While the sensitivity of

T_{V} (P_{n}^{λ})

in (12) to changes in the inequality or concentration parameter

λ

in (4) remains constant for any given n, that of

T (P_{n}^{λ})

varies substantially with

λ

. Specifically, it is found that

\frac{\partial T (P_{n}^{λ})}{\partial λ} = (1 - \frac{1}{n}) \log (1 + \frac{n λ}{1 - λ}) > 0, \frac{\partial^{2} T (P_{n}^{λ})}{\partial λ^{2}} = \frac{n - 1}{(1 - λ) (n λ + 1 - λ)} > 0

i.e., for any given n, the sensitivity of

T (P_{n}^{λ})

to small changes in

λ

increases with

λ

and at an increasing rate. For any income-share distribution

P_{n} = (p_{1}, \dots, p_{n})

and from (5), the implication is clear: the sensitivity of

T (P_{n})

to small changes in the inequality (concentration, unevenness) of the components of

P_{n}

is not constant for any fixed n, but increases with increasing inequality.

4. Correction of T

4.1. Specific Objective

In order to determine if T can be corrected so as to comply with the value-validity condition in (8), an obvious approach would be to explore whether some systematic relationship exists between T and

T_{V}

in (8). If the dimension n of the income-share distribution

P_{n} = (p_{1}, \dots, p_{n})

or the number n of income earners is known, the results from Kvålseth [15] could be used to explore such a potential relationship. However, when various studies, organizations, or agencies provide reports on economic inequality, the values of indices such as Theil’s T are typically given without specifying values of n (e.g., [10,11,12,13,18,19]).

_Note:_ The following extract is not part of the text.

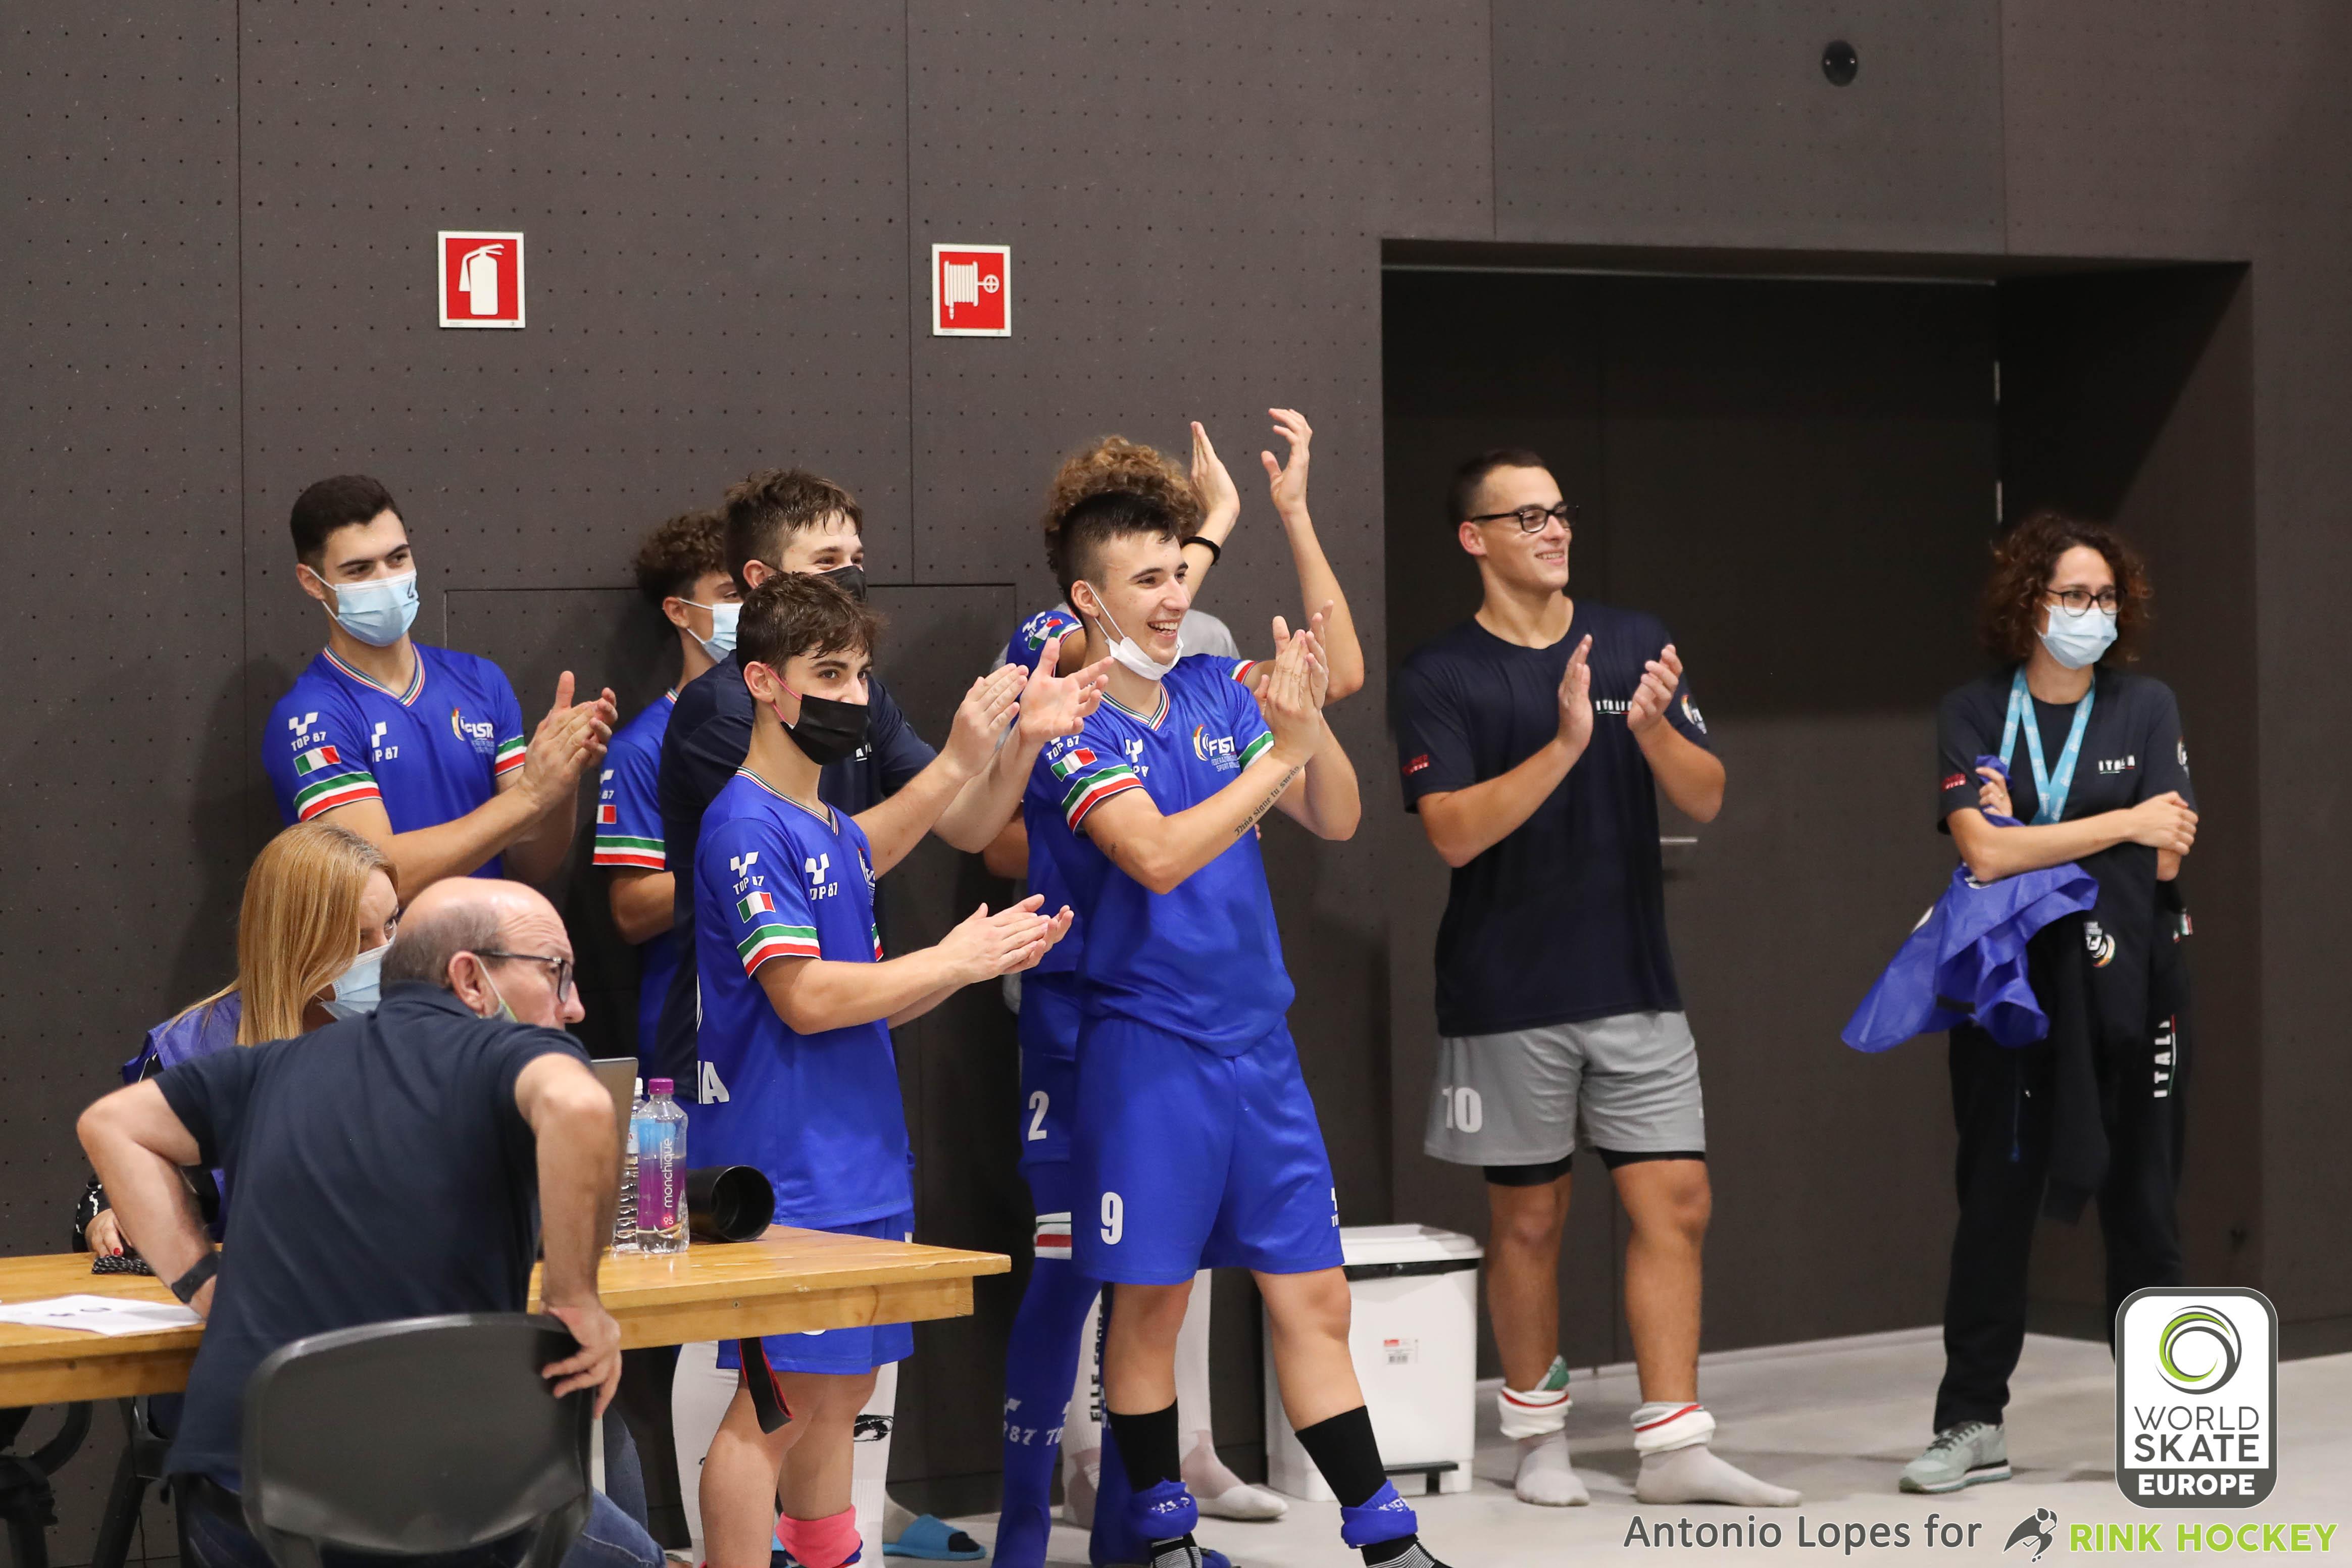 Italia-com-Franca-17-814

Therefore, for practical purposes, it would be most useful if a value-validity correction

T_{C}

could be formulated at least approximately as a simple function of T, i.e.,

T_{V} (P_{n}) \approx T_{C} (P_{n}) = f [T (P_{n})] .

(15)

Exploratory statistical analyses will be used to explore the function f in (15).

4.2. Data

To obtain the necessary data for analyzing the potential relationship in (15), two sources of data were used. First, randomly generated lambda distributions

P_{n}^{λ}

in (4) were obtained by generating n as a random integer between 2 and 100, inclusive, and

λ

as a random number (to 2 decimal places) such that

0 < λ < 1

.

Second, randomly generated distributions

P_{n} = (p_{1}, \dots, p_{n})

were produced and based on the following computer algorithm. First, n was generated as a random integer between 2 and 100, inclusive. Then, for each such generated n, each

p_{i}

was generated in descending order

(p_{1} \geq p_{2} \geq \dots \geq p_{n})

as random numbers within the following respective intervals:

\frac{1}{n} \leq p_{i} \leq 1

\frac{1 - \sum_{j = 1}^{i - 1} p_{j}}{n - (i - 1)} \leq p_{i} \leq \min {p_{i - 1}, 1 - \sum_{j = 1}^{i - 1} p_{j}} for i = 2, \dots, n - 1

p_{n} = 1 - \sum_{j = 1}^{n - 1} p_{j} .

Some distributions

P_{n}^{λ}

and

P_{n}

were excluded when they produced near identical (repeat) results or when they resulted in values of T > 1, since such T-values would be unrealistic of real reported economic data. Thus, a total of 35 of each of the two types of distributions were used in the analysis.

4.3. Results

The results from using the randomly generated

P_{n}^{λ}

in (4) and

P_{n} = (p_{1}, \dots, p_{n})

are summarized in Table 1 and Table 2, respectively. An immediate observation from these results is how far T deviates from the corresponding values of

T_{V}

in (12). The values of

T (P_{n}^{λ})

and

T (P_{n})

differ greatly from the respective values of

T_{V} (P_{n}^{λ})

in Table 1 and

T_{V} (P_{n})

in Table 2. These results support the above analysis that T consistently and substantially understates the true inequality.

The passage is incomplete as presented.